Is predicting the next id as simple as getting the last id and adding one? Is that a guarantee?

Edit: A little more reasoning... I can't insert immediately because the insert may end up being canceled by the user. User will make some changes, SQL statements will be stored, and from there the user can either save (inserting all the rows at once), or cancel (not changing anything). In the case of a program crash, the desired functionality is that nothing gets changed.

Was it helpful?

Solution

Either scrapping or committing a series of database operations all at once is exactly what transactions are for. Query BEGIN; before the user starts fiddling and COMMIT; once he/she's done. You're guaranteed that either all the changes are applied (if you commit) or everything is scrapped (if you query ROLLBACK;, if the program crashes, power goes out, etc).

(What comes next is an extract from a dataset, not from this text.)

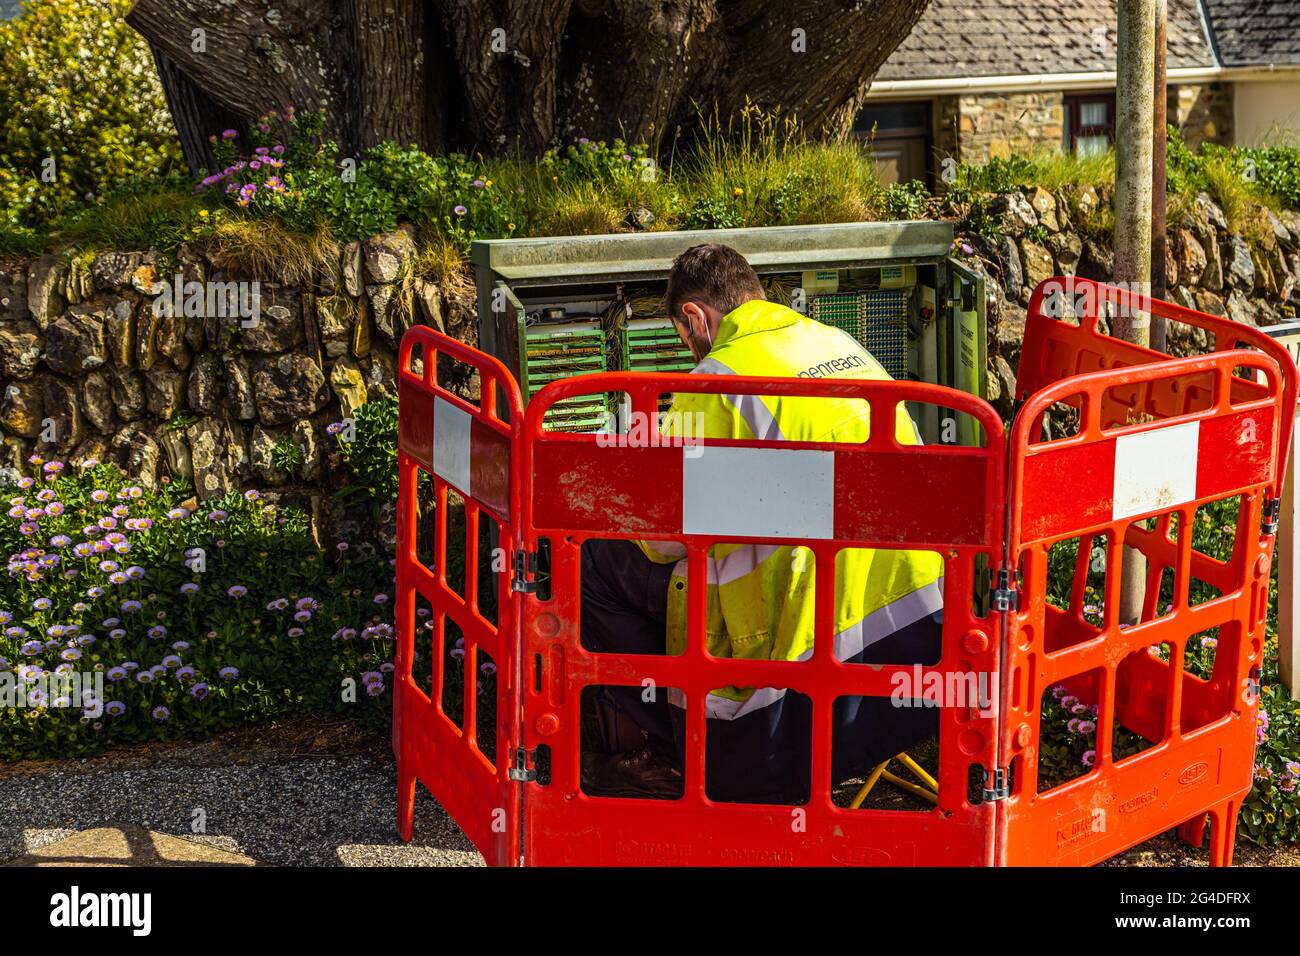 A telecoms engineer works on solving connection issues in a street cabinet, Cornwall England UK Stock Photo

Once you read from the db, you're also guaranteed that the data is good until the end of the transaction, so you can grab MAX(id) or whatever you want without worrying about race conditions.

http://www.sqlite.org/lang_transaction.html

OTHER TIPS

Try SELECT * FROM SQLITE_SEQUENCE WHERE name='TABLE';. This will contain a field called seq which is the largest number for the selected table. Add 1 to this value to get the next ID.

Also see the SQLite Autoincrement article, which is where the above info came from.

Cheers!

You can probably get away with adding 1 to the value returned by sqlite3_last_insert_rowid under certain conditions, for example, using the same database connection and there are no other concurrent writers. Of course, you may refer to the sqlite source code to back up these assumptions.

However, you might also seriously consider using a different approach that doesn't require predicting the next ID. Even if you get it right for the version of sqlite you're using, things could change in the future and it will certainly make moving to a different database more difficult.

Insert the row with an INVALID flag of some kind, Get the ID, edit it, as needed, delete if necessary or mark as valid. That and don't worry about gaps in the sequence

BTW, you will need to figure out how to do the invalid part yourself. Marking something as NULL might work depending on the specifics.

Edit: If you can, use Eevee's suggestion of using proper transactions. It's a lot less work.

I realize your application using SQLite is small and SQLite has its own semantics. Other solutions posted here may well have the effect that you want in this specific setting, but in my view every single one of them I have read so far is fundamentally incorrect and should be avoided.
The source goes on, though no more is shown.